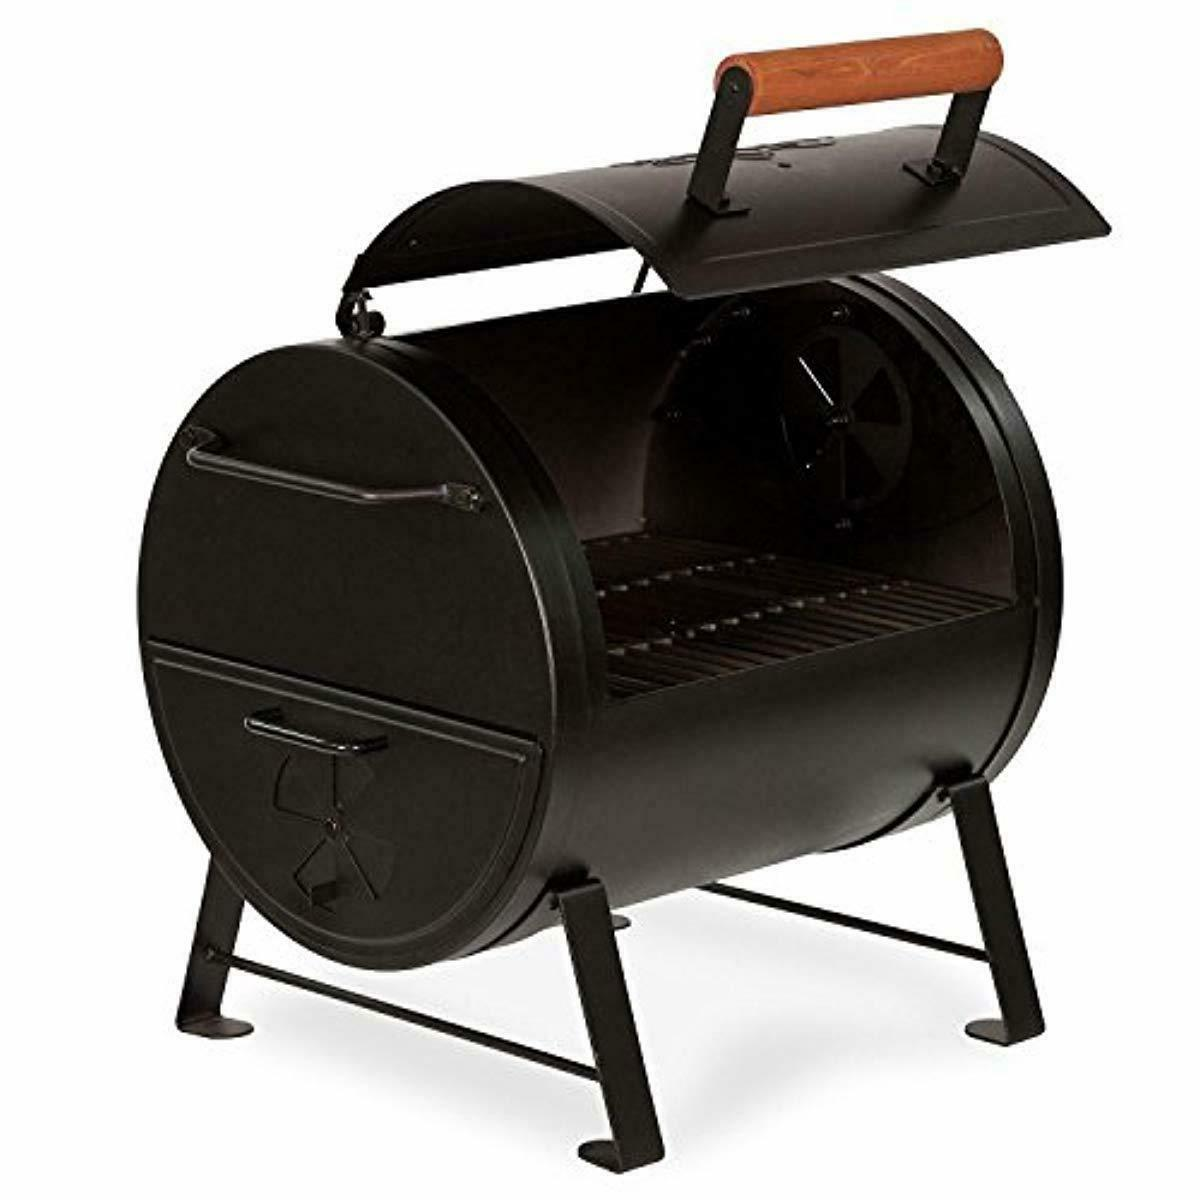 Char-Griller E22424 Charcoal Side Fire Box, Black
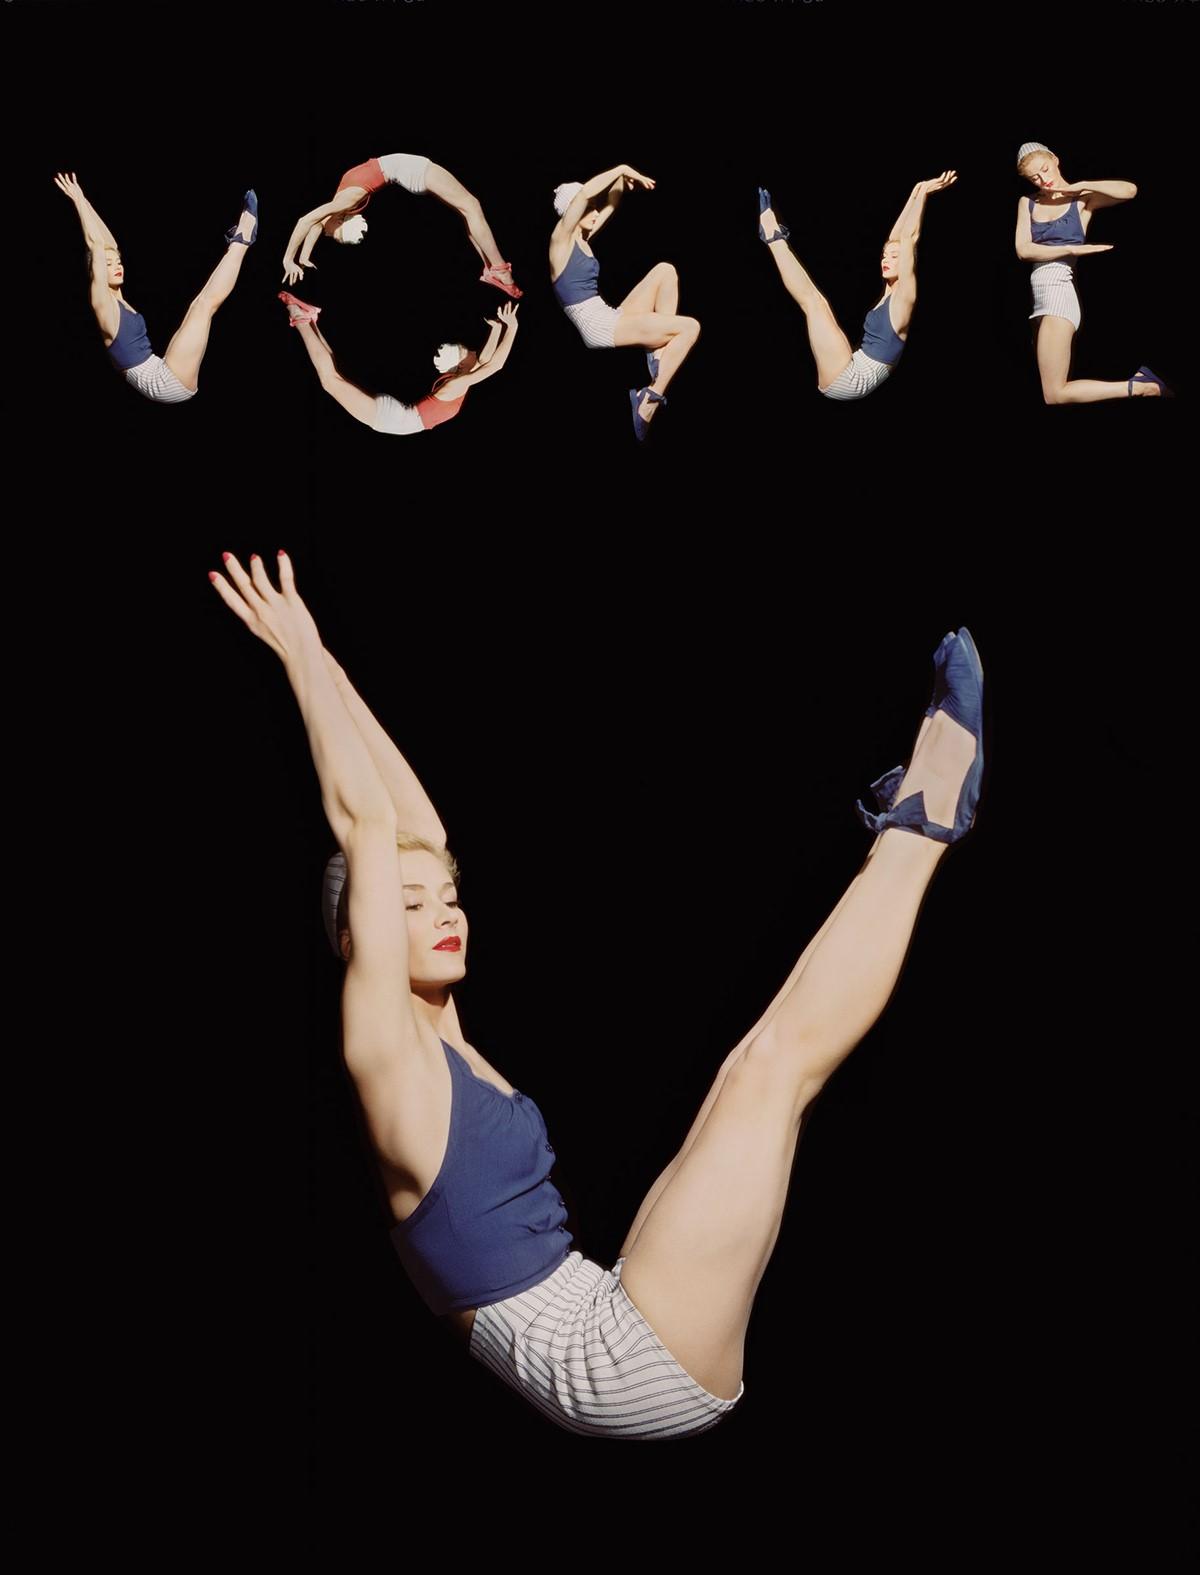 vogue,cover,letters,logo with models,horst,horst p. horst
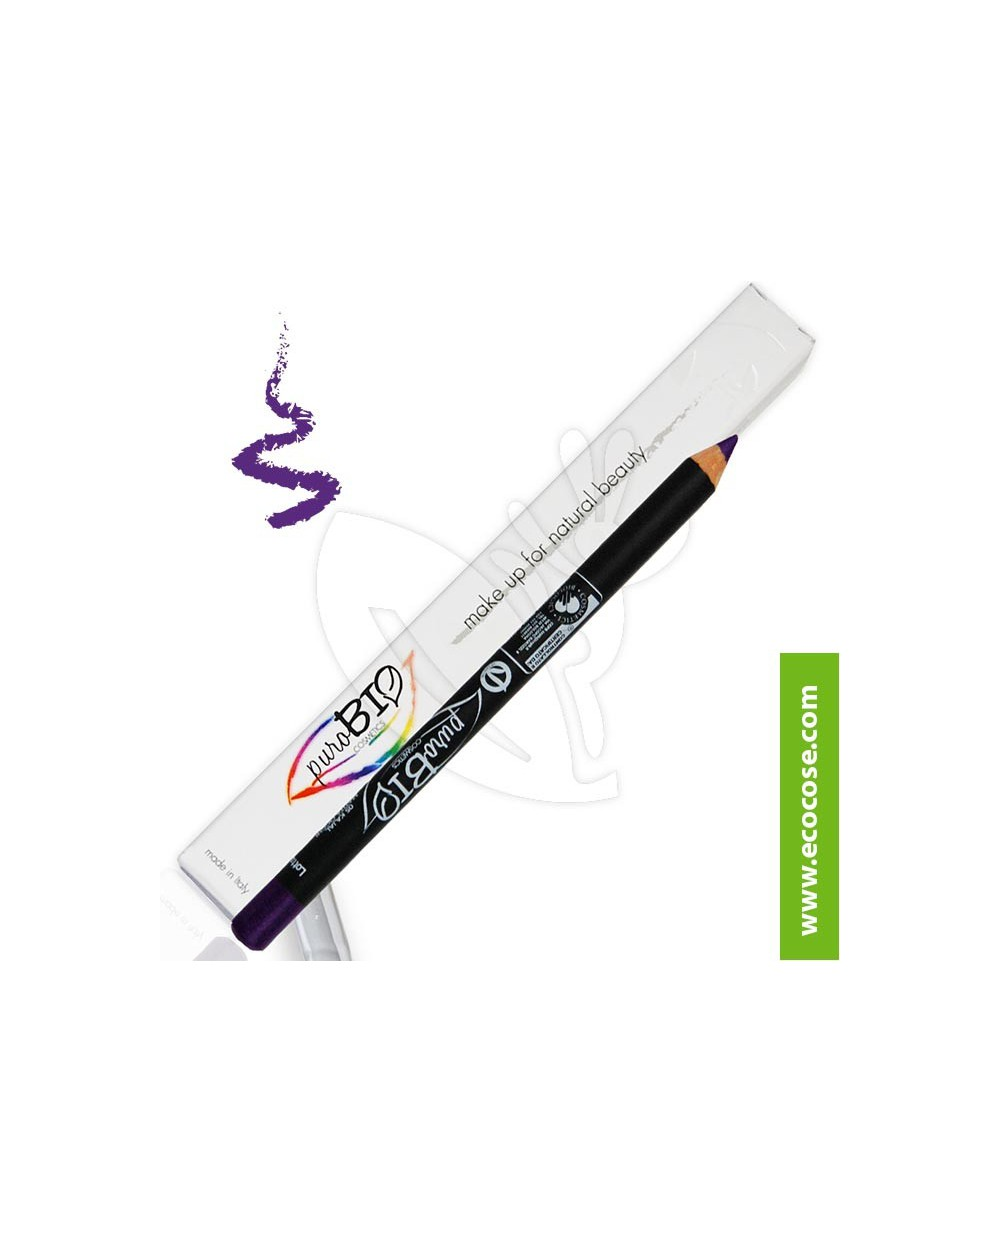 PuroBIO Cosmetics - Matita Biologica Occhi 05 Viola
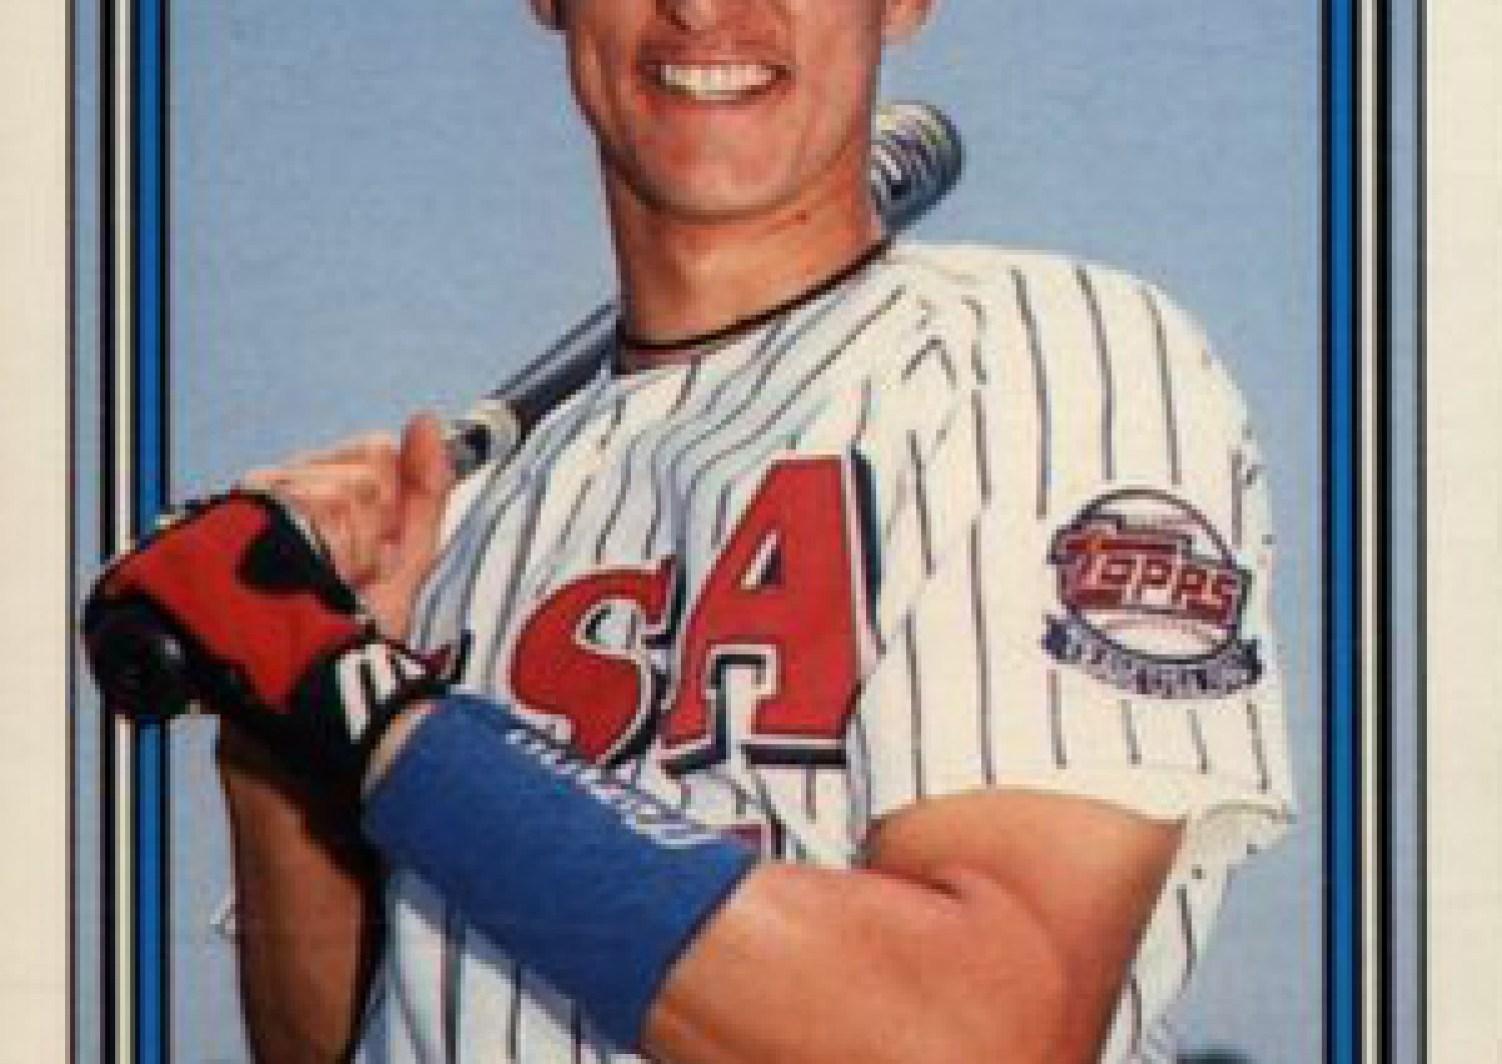 1992 Topps Traded Baseball Checklist Set Info Key Cards Sets More

§ Work request
A faithful transcription of the material, with no pictures, is the expected result.

§ Answer for this exercise
 Char-Griller E22424 Charcoal Side Fire Box, Black
 vogue,cover,letters,logo with models,horst,horst p. horst
 PuroBIO Cosmetics - Matita Biologica Occhi 05 Viola
 1992 Topps Traded Baseball Checklist Set Info Key Cards Sets More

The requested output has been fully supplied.